To visualize the effect of resonance, we can simulate the time response of the system for a an excitation frequency in the vicinity of the natural frequency. For example, if we set the excitation frequency to f_excitation = 10/2/np.pi-1e-3, which is close to the natural frequency of the system, we will observe a significant increase in amplitude, as shown in Figure 8.

Obviously, the amplitude of the response is continuously increasing with time, which is a clear indication of resonance. This highlights the importance of understanding the natural frequency of the system and how it interacts with the excitation frequency to avoid potential issues that may arise due to resonance.

Try to play around with the excitation frequency and observe how it affects the time response of the system. We analyzed 2 generic cases and 1 specific case around the natural frequency of the system, but what happens at extremes?

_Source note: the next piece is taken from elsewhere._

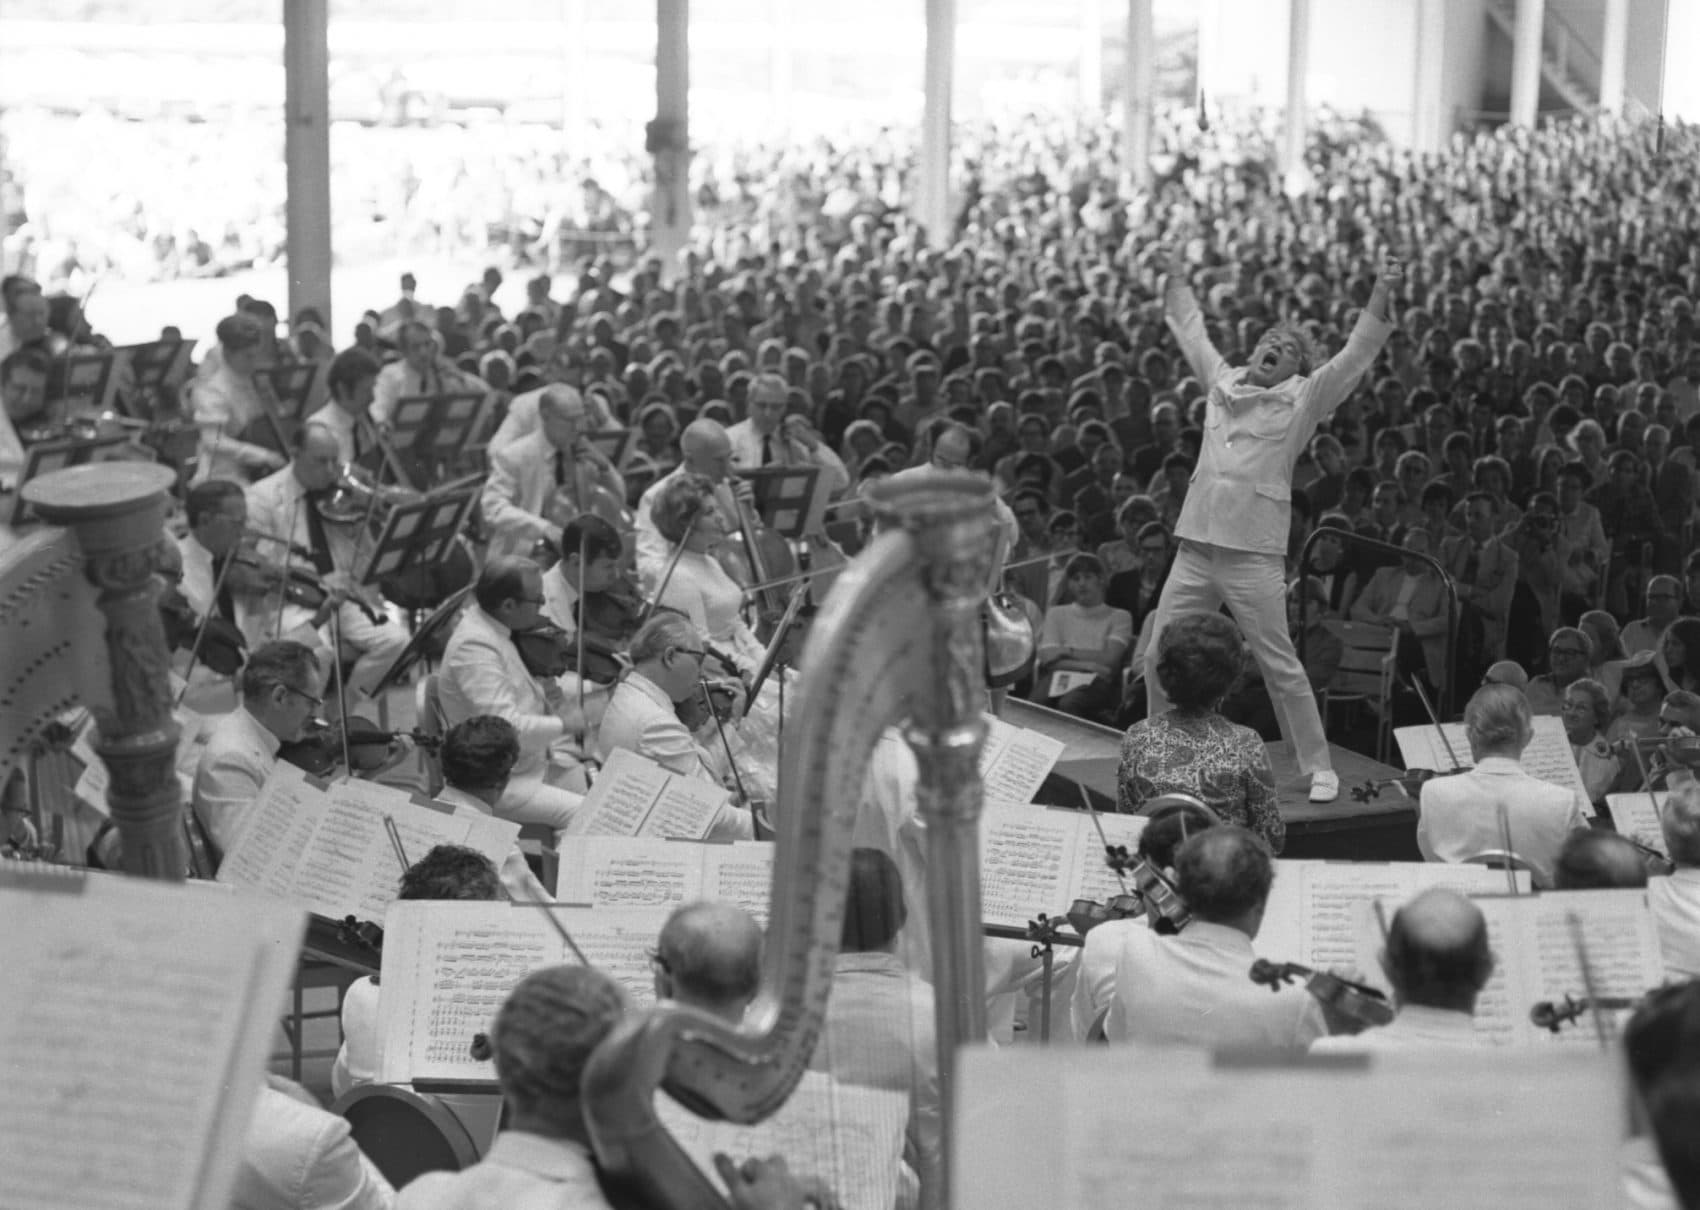 Leonard Bernstein conducting at Tanglewood. (Courtesy Heinz Weissenstein, Whitestone Photo/BSO)

What happens when the excitation frequency is infintesimal or extremely high? (spoiler alert: a shaft behaves as a low-pass filter)

Forced Vibration Analysis: Arbitrary Excitation

In the previous sections, we analyzed the response of the system to specific types of external excitation: constant torque, linear torque ramp, and harmonic excitation. However, in real-world scenarios, the external excitation may not always conform to these specific forms. Therefore, it is important to be able to analyze the response of the system to arbitrary external excitation.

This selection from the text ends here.